The Pandemic is Not Over: Understanding the new CDC COVID-19 Community Levels Tool

Surgical masks laying on top of each other

As guidance changes and we continue to learn about COVID-19, it’s important to remember that the COVID-19 pandemic is not over. COVID-19 continues to circulate, and removing protections only furthers the disproportionate impact of disabled people, people of color, and other marginalized groups that have less access to vaccines, testing, and safety measures. ASAN is holding a webinar to talk about the new CDC COVID-19 community levels tool and how we can keep each other safe.

In this webinar, we will talk about:

  1. What community transmission is and how it affects you.
  2. What the new COVID-19 Community Levels tool is and what the levels mean.
  3. What you can do to stay safer.

This webinar is open to everyone, but we especially want to invite self-advocates and allies to attend! 

Join us on Thursday, May 19 at 4:30 PM Eastern Time. The webinar will last around 90 minutes.

The webinar will be on Zoom and will have CART (Communication Access Realtime Translation). The panel will also be streamed live on Youtube. 

If you have any questions or would like to request any additional accommodations such as ASL interpretation, please email

Join us for The Pandemic is Not Over: Understanding the new CDC Covid-19 Community Levels Tool.

You can also find our Plain Language and Easy Read resource on the COVID-19 Community Levels here.


Zoe Gross, Director of Advocacy

Zoe Gross is Director of Advocacy at Autistic Self Advocacy Network.
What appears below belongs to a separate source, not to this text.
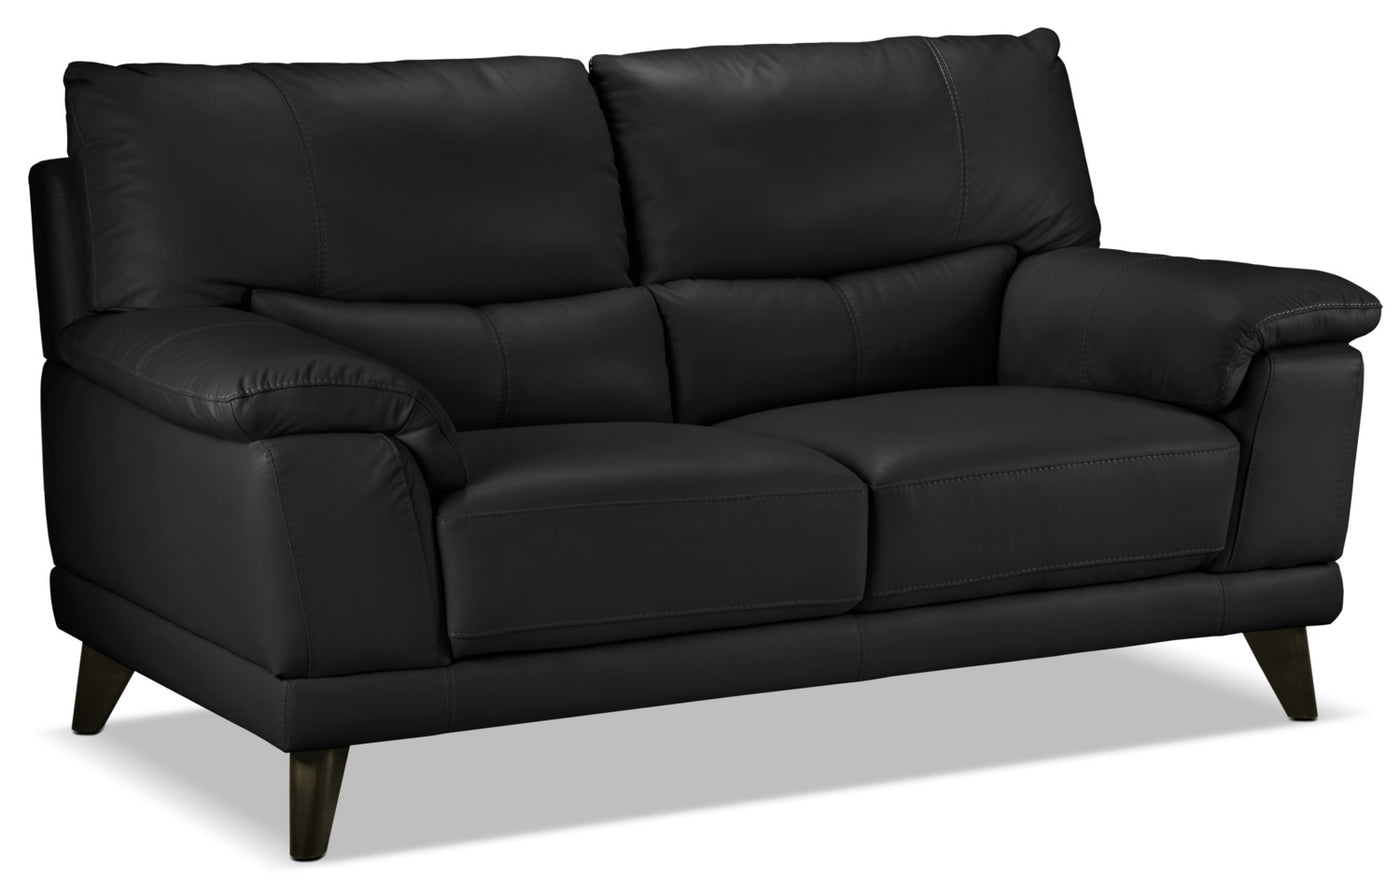 Braylon Leather Sofa and Loveseat Set - Classic Black

Previously, she worked as a special assistant at the Administration for Community Living, and as a policy analyst on Senator Tom Harkin’s Health, Education, Labor and Pensions Committee staff. In 2012, Zoe created the annual Disability Day of Mourning vigil, a national, cross-disability event which commemorates the lives of disabled people murdered by their family members or caregivers. She received a White House Champions of Change award for this work in 2013.
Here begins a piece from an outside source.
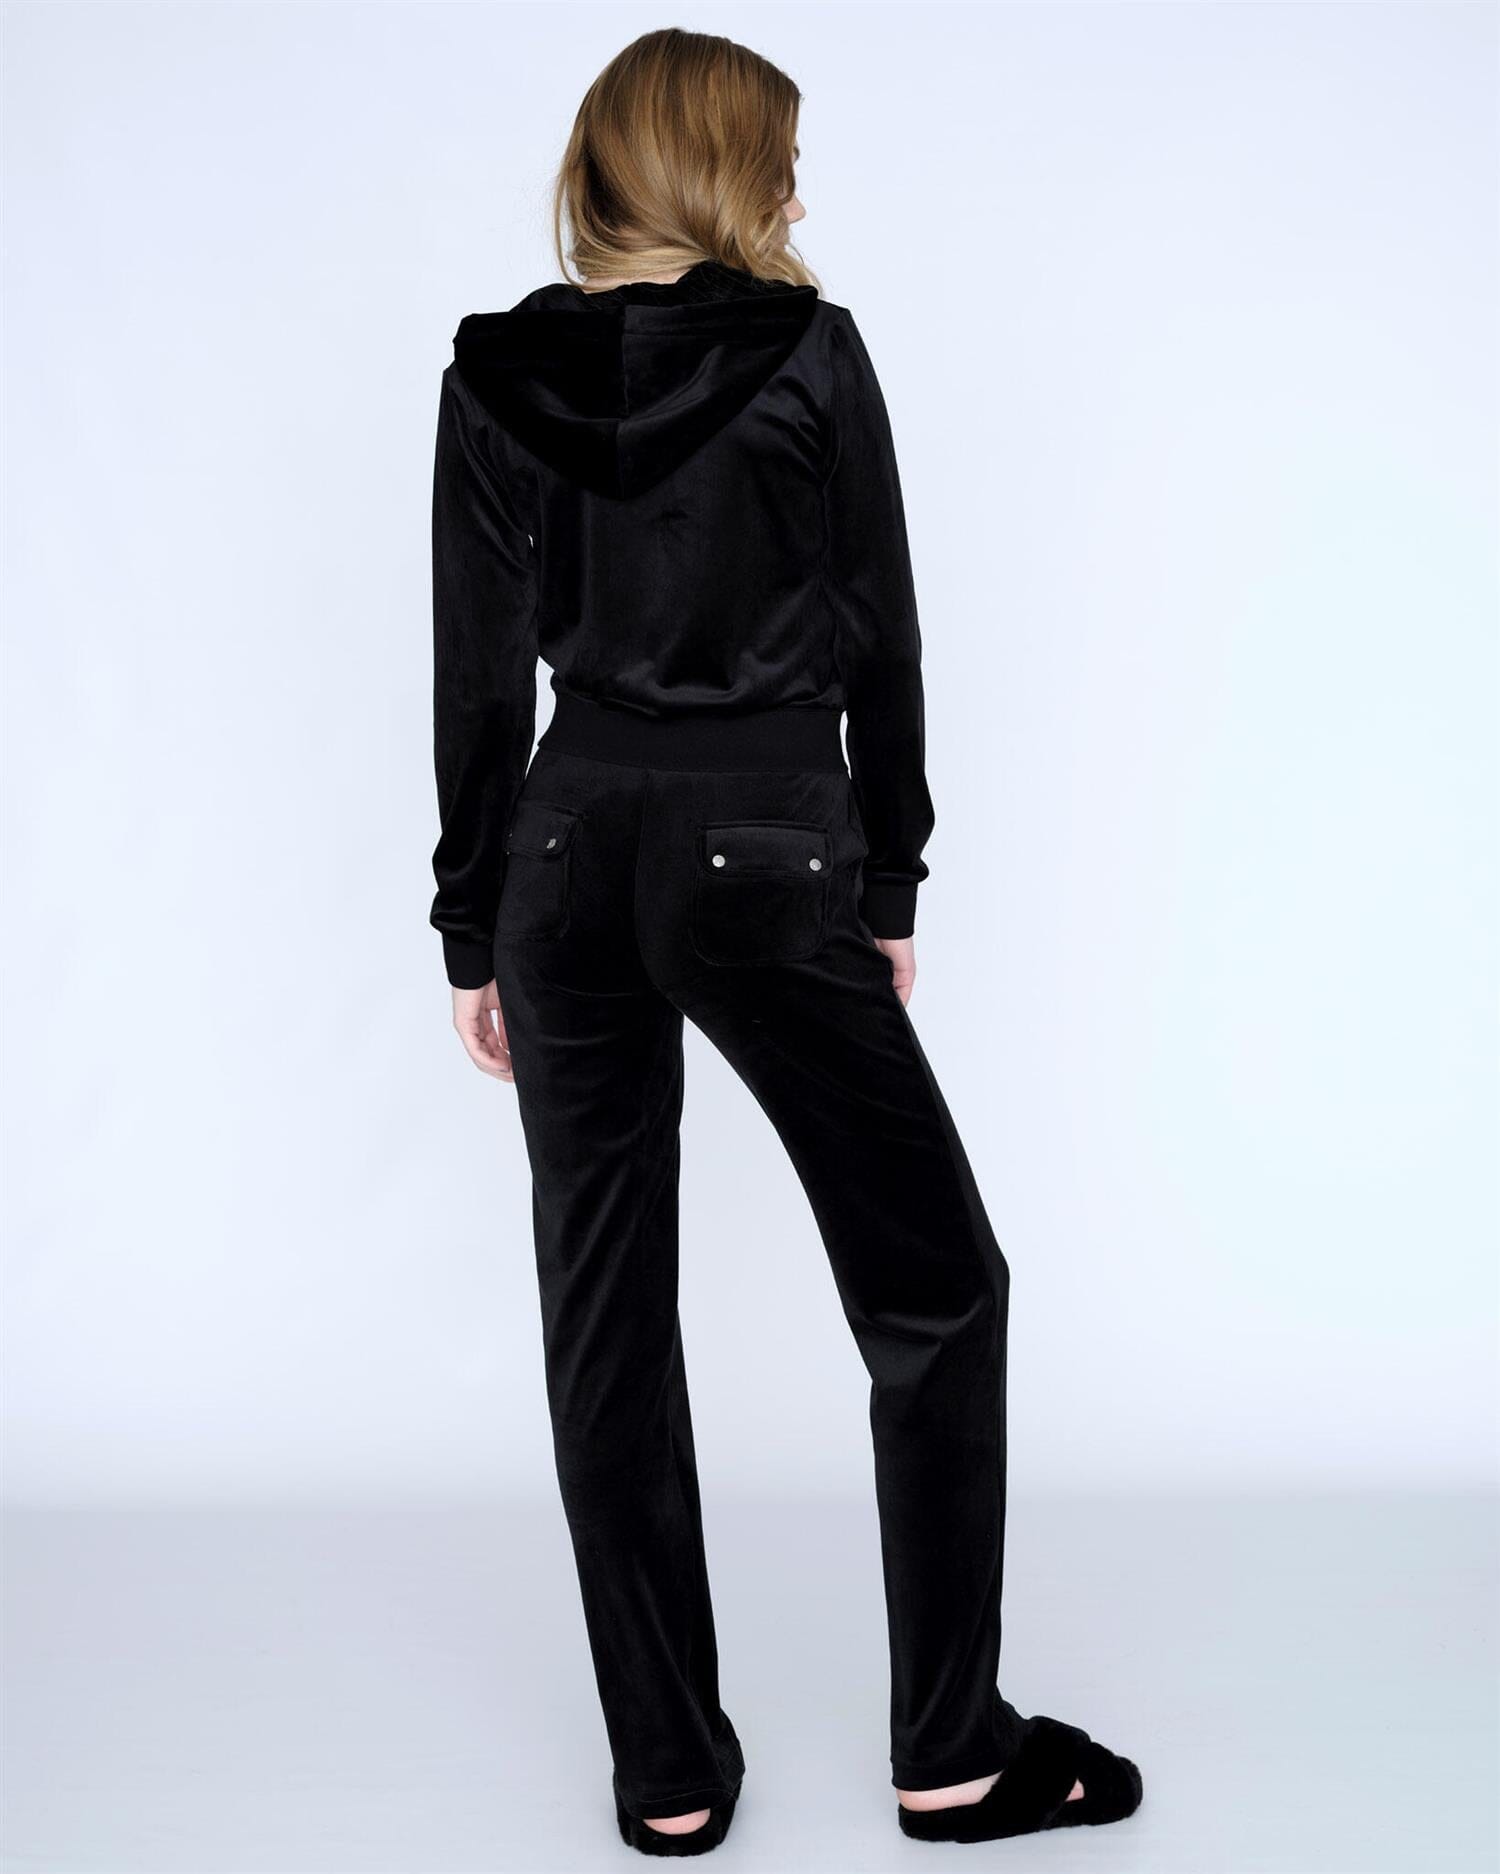 Juicy Couture Del Ray Classic Velour Pant Pocket Design Black Bukse

Dean Strauss, Communications Associate

Dean is the Communications Associate at the Autistic Self Advocacy Network. His background is in media and design with a focus on civic media, queer and disability representation, and digital media. He has a degree in Civic Media from Columbia College Chicago. 

More Information: 

In February 2022, the CDC started using a new way to talk about risk from COVID-19 using a new tool called COVID-19 Community Levels. Your COVID-19 Community Level can be low, medium, or high. The CDC decides each county’s COVID-19 Community Level based on how many COVID-19 cases there are in the county and whether the hospitals in the county are crowded with sick people who have COVID-19. In the COVID-19 Community Levels tool, a county can have up to 2 COVID-19 cases out of every thousand people and still be “Low.” This is different from the risk of getting COVID-19. If a place has 1 or more COVID-19 cases out of every thousand people, the risk of getting COVID-19 is high.

Community transmission means how many cases of COVID-19 there are in a place. If community transmission is high in your area, that means you have a high risk of catching COVID-19. The CDC says that community transmission is high when 1 or more out of every thousand people in a place has COVID-19. 1 out of every 1000 people might not sound like a lot, but COVID-19 spreads very fast.  If 1 out of 1000 people in a place has a bad disease like COVID-19, that is bad news.

COVID-19 Community Levels are different from risk. Having low community levels does not mean the risk of getting COVID-19 is low. This tool did not change the risk or number of people with COVID-19, the CDC just changed how they talk about COVID-19. Changing how we talk about COVID-19 does not make things safer; COVID-19 is still spreading, people are still getting sick, people are still going to the hospital, and people are still dying from COVID-19.

You can find other plain language COVID-19 resources here.